This week: Kids capture Tenderloin in photos; Rainbow Sierrans hike decades-strong; “HOLE” digs theater at the beach; Fairfax still hums Summer of Love; Bimbo’s has secrets; Butterfly Fest blooms; Wonder Funday sparks STEAM; Architecture + the City unfolds; Voices of Adventure screens outdoors.
Back patio school talk
SFUD families are invited to attend San Francisco’s Education Alliance’s monthly Education Meet-Up. They’ll be taking over Hot Johnny’s back patio in the Castro this month on September 16.
The gathering brings together families, advocates, and neighbors to talk about creating a fully funded, inclusive, and supportive local school system. — SF Education Alliance
Butterflies in the garden
The Secret Garden in Elk Grove hosts its annual Butterfly Fest over two weekends, September 13–14 and 20–21. Visitors can take guided life cycle tours at 11 am to see Gulf Fritillaries move from egg to caterpillar to chrysalis to orange-winged adult.
Alongside the butterflies, there’s face painting, a coffee cart, and a fall plant sale with perennials discounted for would-be pollinator gardeners. — Sacramento 365
Win tickets to Exploratorium’s Wonder Funday
Enter by September 15 to win a family four-pack of tickets to Wonder Funday, when the Exploratorium transforms into a festival of STEAM-inspired play.
On October 5, Pier 15 will be filled with demos, design challenges, crafts, and performances — all to support science access for Bay Area kids. — Exploratorium
A community built on the trail
For nearly four decades, the Rainbow Sierrans have met monthly, trading laughter and coffee on ridges and redwood paths while shaping queer outdoor organizing. Founded in 1986 as the Sierra Club’s first gay-and-lesbian affinity group, they overcame early pushback to thrive.

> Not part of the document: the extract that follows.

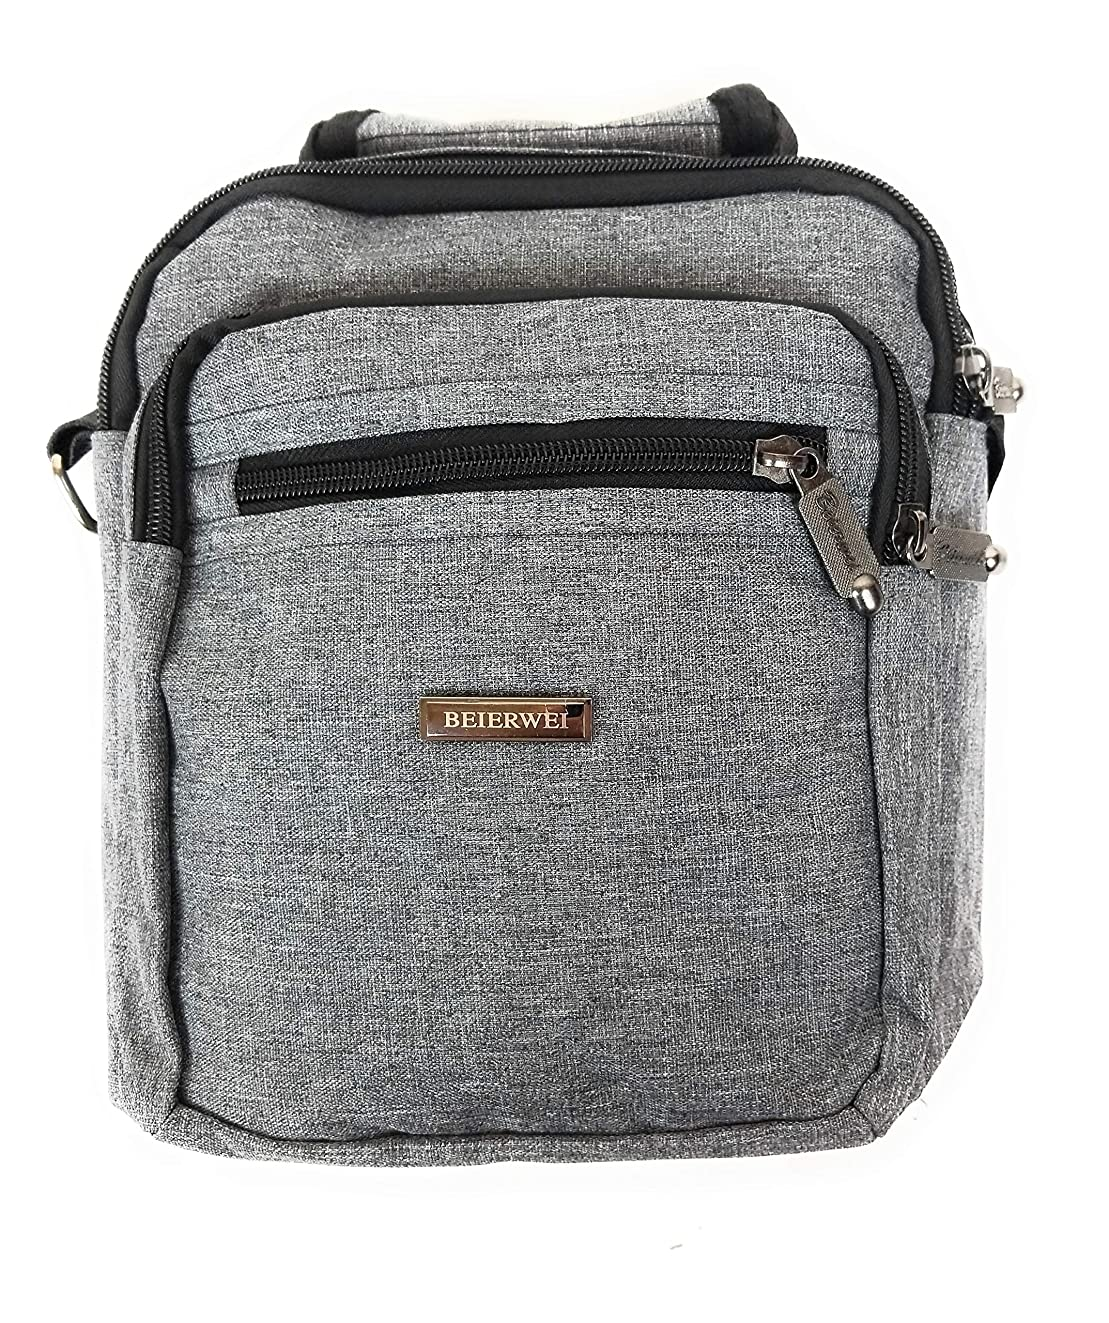 Canvas Messenger Sling Crossbody Bag Satchel Perfect for iPad Mini, Kindle, E-Readers Men Women Students (Grey)

Co-founder Bob Walker helped secure huge swaths of East Bay open space (there’s a ridge named for him in Morgan Territory) and left a trove of landscape photos now at the Oakland Museum. The group later created the Bob Walker Conservation Award in his honor.
Today the Sierrans are often older, often women, and still a safe, expert place to learn trails and meet people — many members found partners on hikes. Leaders are looking to bring younger folks into the loop. Monthly outings vary in distance and difficulty. — The Oaklandside
Fairfax, where the Summer of Love lingers
In Fairfax, peace signs and free parking still coexist. The town of 7,500 has a rhythm all its own: four-hour meters, redwood-ringed parks, and a ballfield once home to a pickup game between Jefferson Airplane and the Grateful Dead. Shops like Revolution 9 sell $9 posters and D&D dice, while the Fairfax Variety store remains one of California’s last true five-and-dimes.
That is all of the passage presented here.